Флора не есть что-то отдельное от нас – некий отвратительный и опасный зверь из джунглей, которого надлежит либо уничтожить, либо отогнать на край света. (Кстати, куда хотите отогнать вы его? В соседнюю область? В соседний регион? В соседнюю республику?)
Флора – это боль наша, наше страдание. Может быть, это болезнь. Может быть, это гноящаяся рана. Но тогда нужен врач, профессионал, носитель знания и милосердия. И никакого самолечения! Никаких шаманских плясок! Никаких самопальных знахарей – с водкой вместо наркоза и ножовкой вместо ланцета.
А может быть, на наших глазах как бы стихийно возникает совершенно новая компонента человеческой цивилизации, новый образ жизни, новая самодовлеющая культура. И тогда кровь, боль, нечистоты – роды! Младенец непригляден, даже уродлив, он вопит и гадит, но он обречен на рост, и в обозримом будущем он обречен занять свое место в структуре человечества. И если это так, то упаси нас боже от нечистоплотных повивальных бабок и деловитых абортмахеров!

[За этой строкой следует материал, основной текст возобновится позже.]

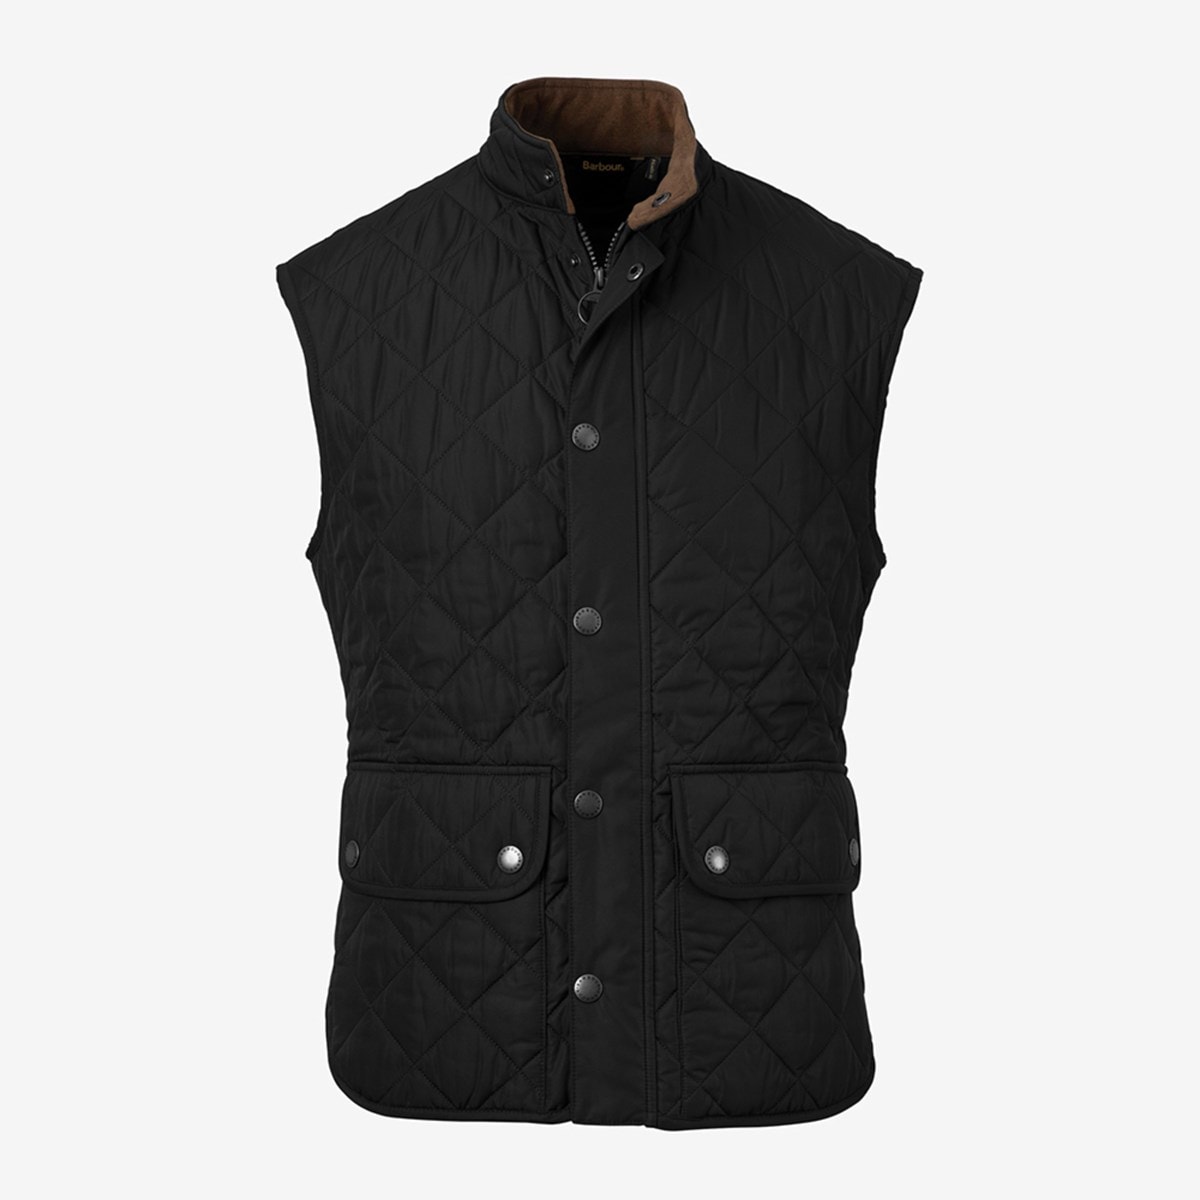 Barbour Lowerdale Gilet Vest Outerwear | Allen Edmonds

Кто больше всех кричит в нашем городе? Оглянитесь вокруг себя, присмотритесь, прислушайтесь, задумайтесь!
Очень громко, оглушительно кричат те (как водится), кто больше всего виноват в происходящем, те, кто не сумел воспитать, не сумел увлечь и отвлечь, не сумел привязать к себе – и в первую очередь те, кто был ОБЯЗАН все это делать, числился специалистом, получал за это деньги и премии: плохие педагоги в школах, равнодушные наставники на предприятиях, бездарные культмассовые работники. Они заходятся в крике, чтобы заглушить собственную совесть и оглушить тех, кто рядом с ними пытается разобраться, где же виновные.

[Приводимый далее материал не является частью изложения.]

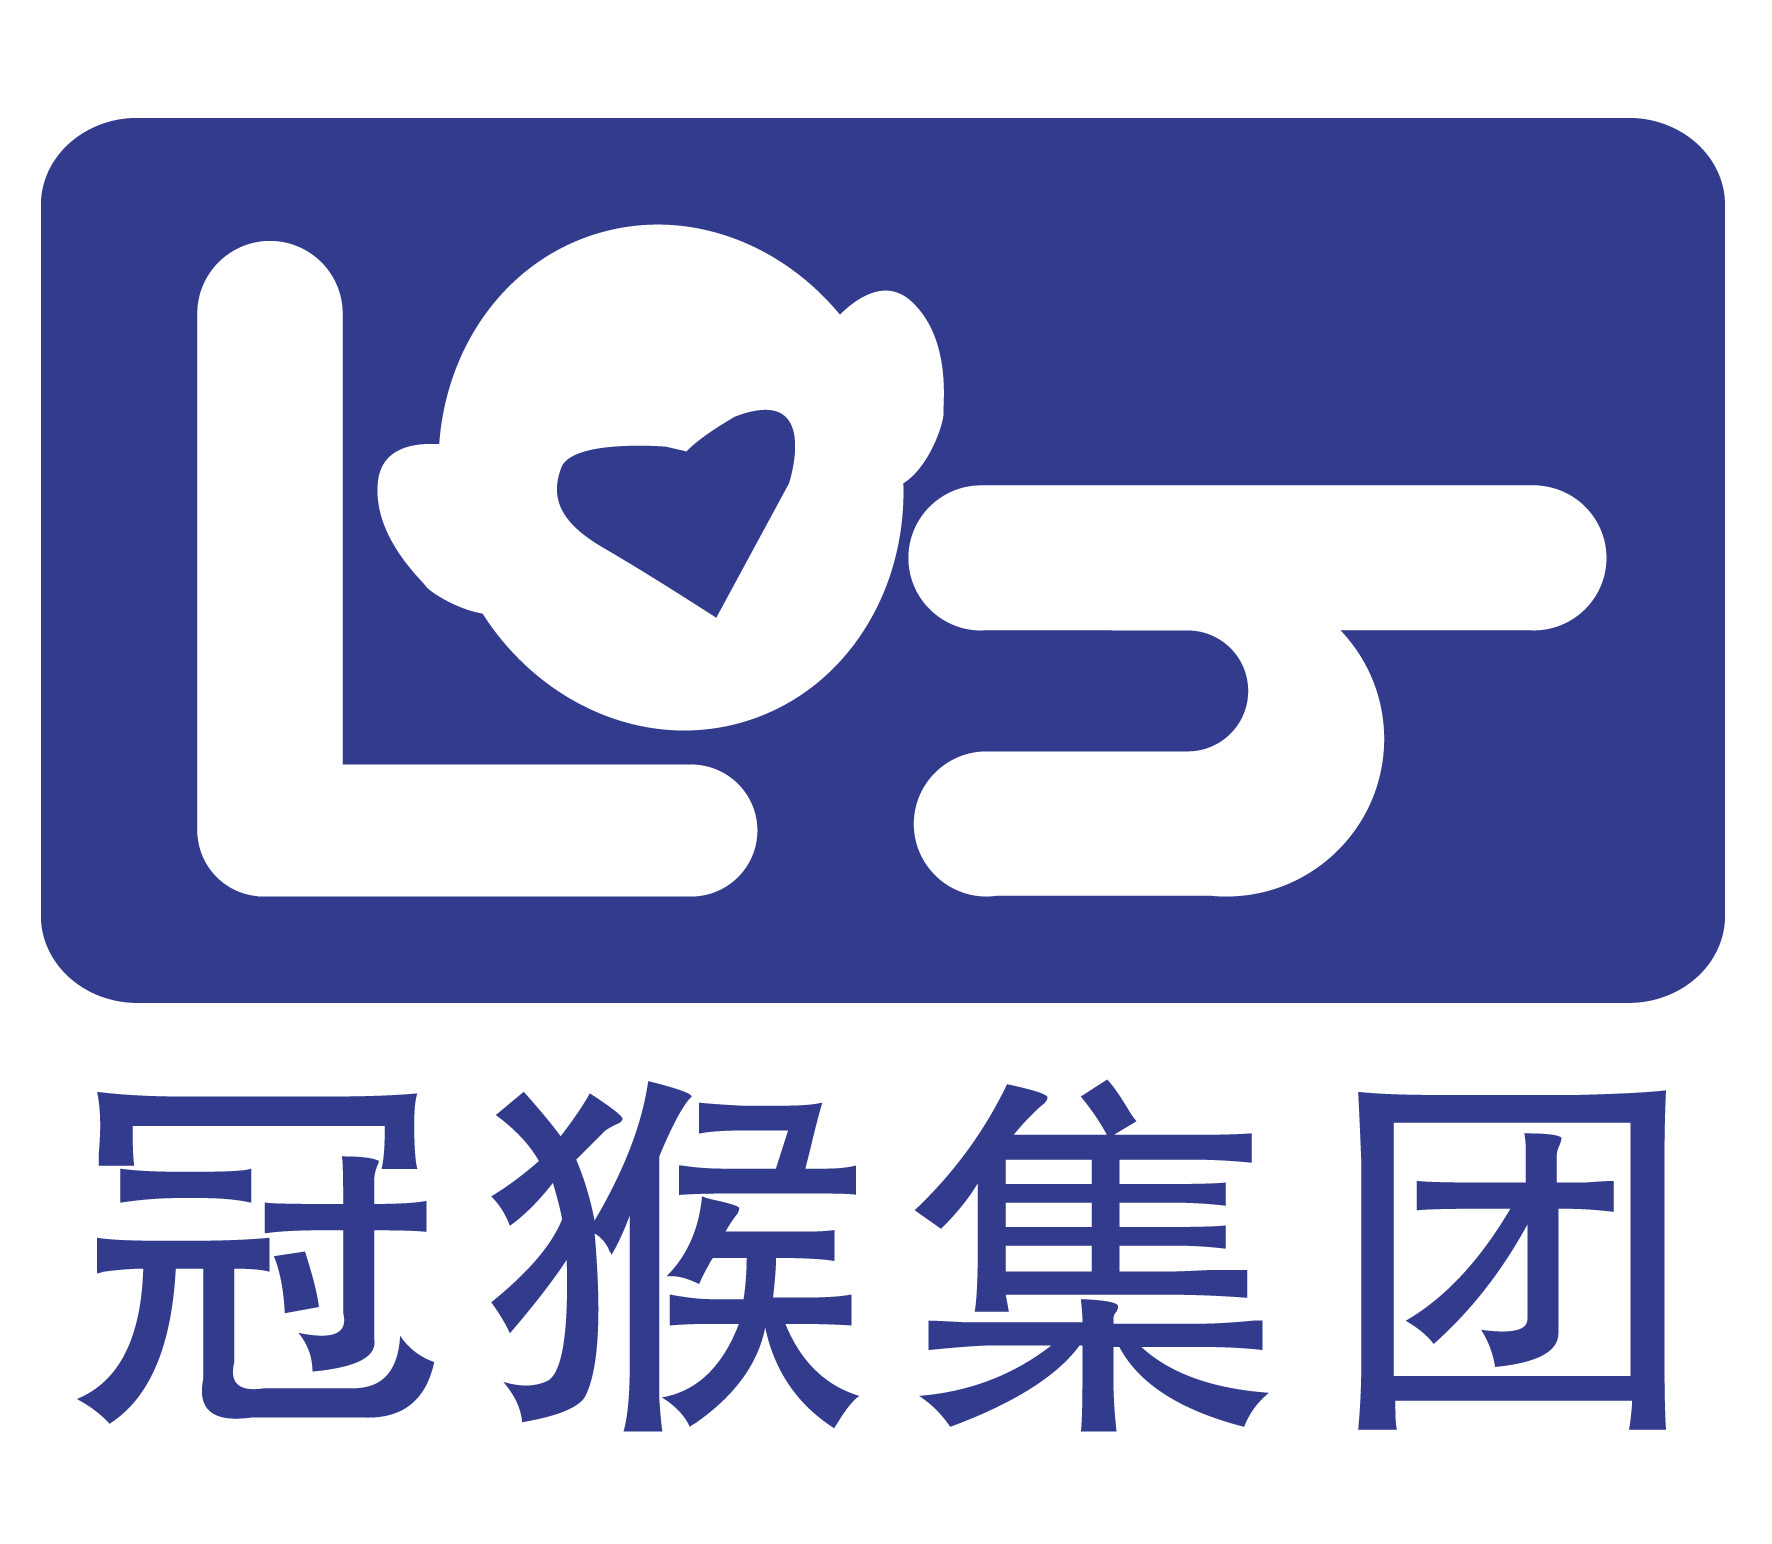 上海冠猴输送设备有限公司

Зычно взревывают ответственные лица, те, кто определял на месте, выдвигал, пестовал упомянутых кое-какеров, теперь они пытаются свалить вину на своих подопечных, на объективные обстоятельства, на мифических соблазнителей и, уже как водится, на тлетворное влияние извне. А рядом не менее зычно ревут пока еще полуответственные, быстро сообразившие, что вот-вот начнут освобождаться места и что сейчас самое время сколотить политический капиталец, продемонстрировав свою объективность, деловитость и готовность решительно исправить положение. О, это вечное племя, призванное отвечать за все и потому не отвечающее ни за что!

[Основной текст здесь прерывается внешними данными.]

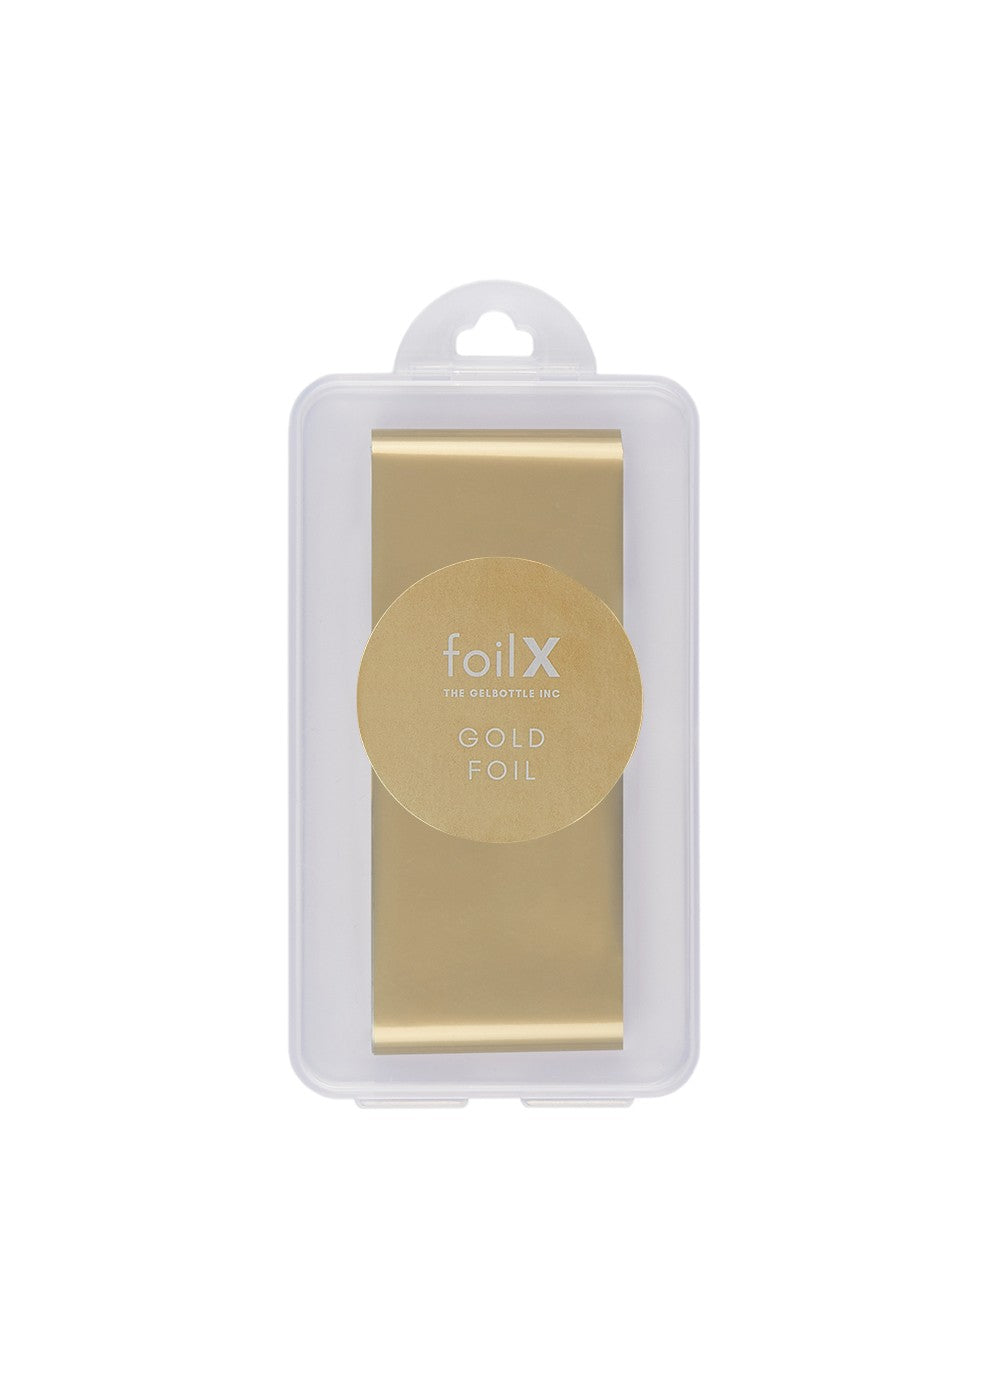 FoilX Gold Foil

И уже заболботали, зачуфыкали, закашляли наши родимые хрипуны, ревнители доброй старины нашей, спесивые свидетели времен очаковских и покоренья Крыма{62}, последние полвека познающие жизнь лишь по газетным передовицам да по информационным телепередачам, старые драбанты перестройки, коим, казалось бы, сейчас правнуков своих мирно тетешкать да хранить уют семейных очагов, – нет, куда там! Вперед, развернувши старинные знамена, на которых еще можно разобрать полустертые лозунги: «Тяжелому року – бой! Не нашей культуре – бой! Цветоволосы – с корнем! Синхролайтинги – с корнем! Системки – на помойку! Контакторы – под каблук!»